Using whole exome sequencing, we examined our patient’s tumor for possible oncogenic variants that may help elucidate a mechanism for chemotherapy sensitivity. Given that matched germline DNA was not available for comparison, we expect many of variants uncovered to be rare or private germline mutations or passenger somatic mutations and therefore of little oncogenic consequence. We were able to identify, however, truncating mutations in RB1 and MED12 that are very likely to be somatic oncogenic drivers in this patient given the well-established role of these two genes as tumor suppressors across multiple tumor types. To our knowledge, this is the first description of inactivating mutation in either of these two genes reported in this cancer type.

The retinoblastoma protein (RB1) is one of the most frequently affected tumor suppressors across multiple cancer histologies and plays a critical role in regulation of cell cycle and apoptosis [23]. RB1 pathway deregulation has been reported in various benign and malignant salivary tumors, including malignant myoepithelioma [24]. Interestingly, preclinical and clinical evidence in multiple cancer types suggest that RB1 expressional loss is associated with increased responsiveness to conventional chemotherapies [23]. Additionally, a recent genomic study in small cell lung cancer showed that presence of RB1 inactivating mutation was highly predictive of good response to platinum-based chemotherapy [25]. Childhood retinoblastoma, almost invariably caused by either germline or somatic mutational inactivation of RB1, is also highly responsive to platinum-based chemotherapy [26]. Given this mounting evidence, we hypothesize that RB1 mutation in our patient’s tumor predisposed to chemosensitivity.
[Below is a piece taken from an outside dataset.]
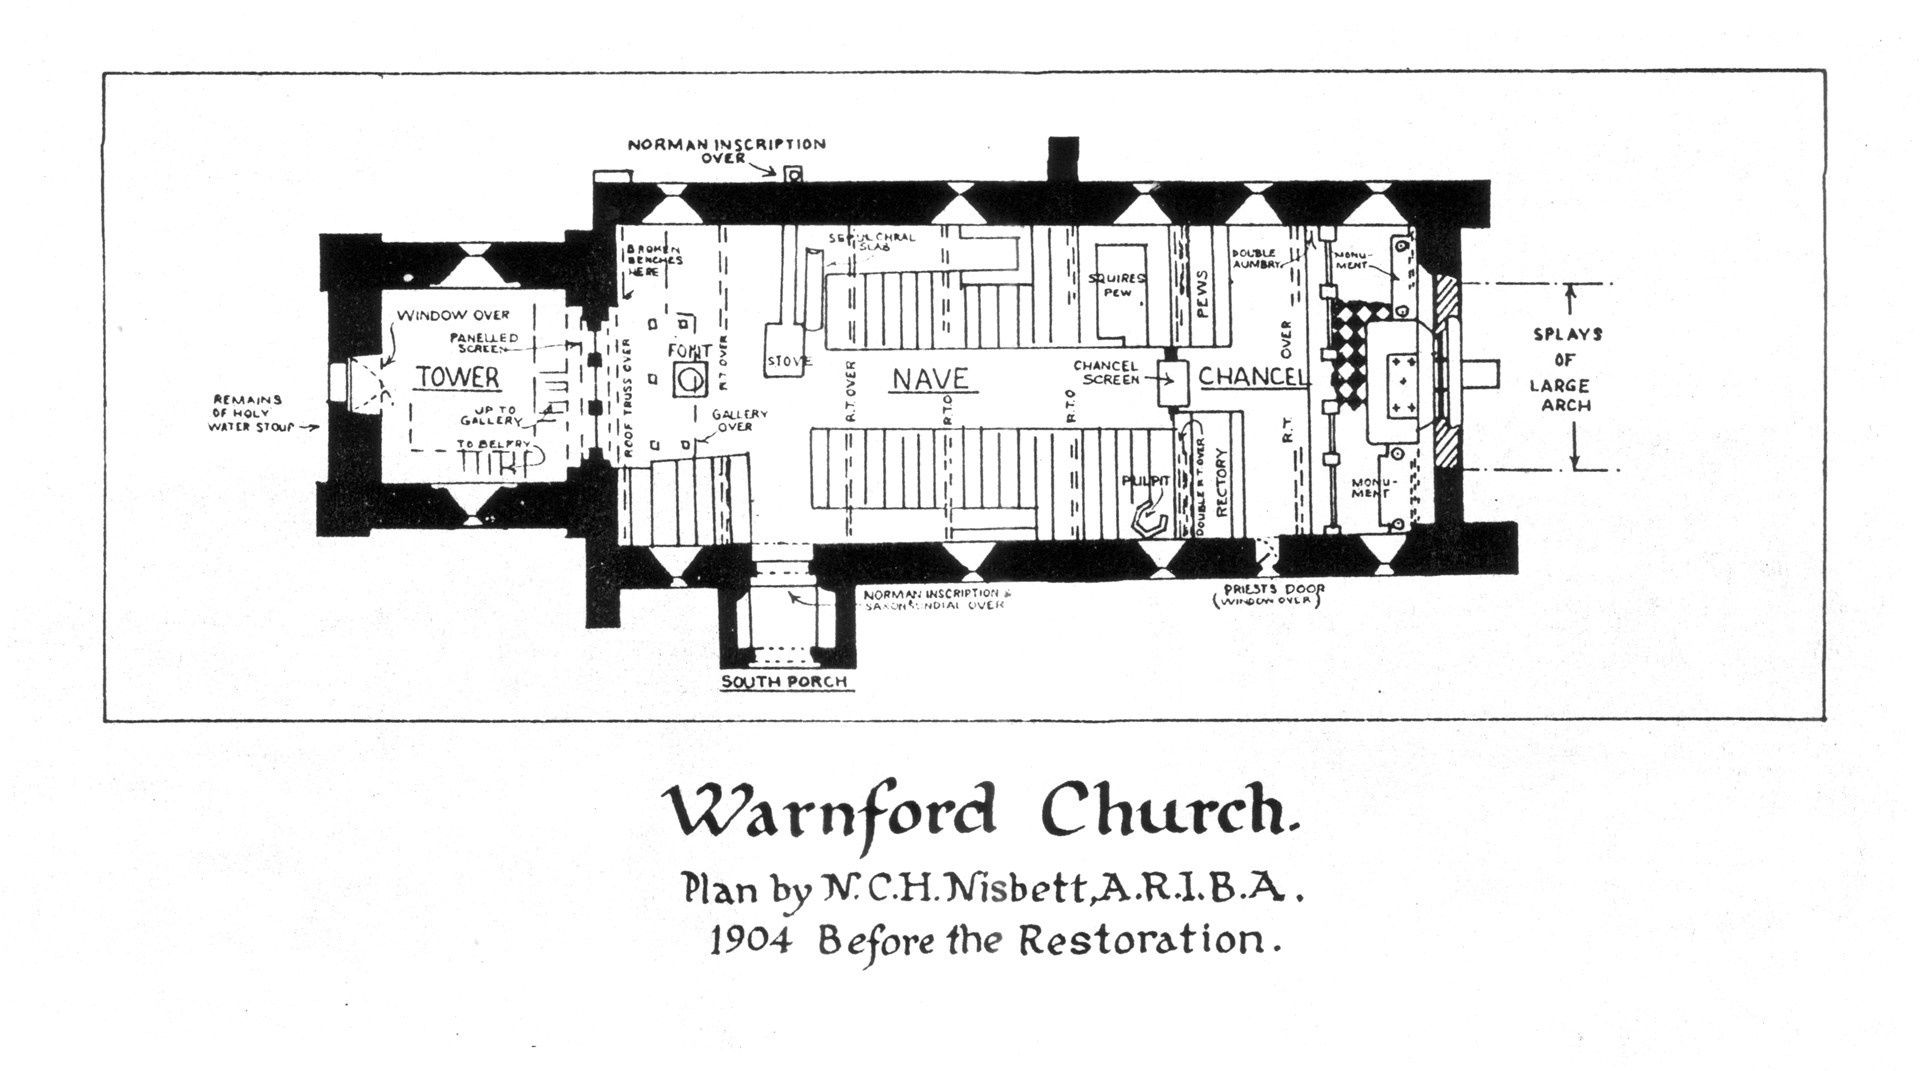 Warnford Church Plan by N.C.H. Nisbett 1904 Before the Restoration

In contrast, loss of the RNA polymerase II mediator complex member MED12 has been shown to induce drug resistance, particularly to tyrosine kinase inhibitor therapy, via activation of transforming growth factor B receptor signaling [27].

While formal recommendations are difficult to make based on a case report, our review of the literature would suggest that continued consideration for systemic carcinoma therapy, more specifically with paclitaxel and carboplatin, should be considered in myoepithelial carcinoma patients presenting with stage 4 disease and extremity primary locations.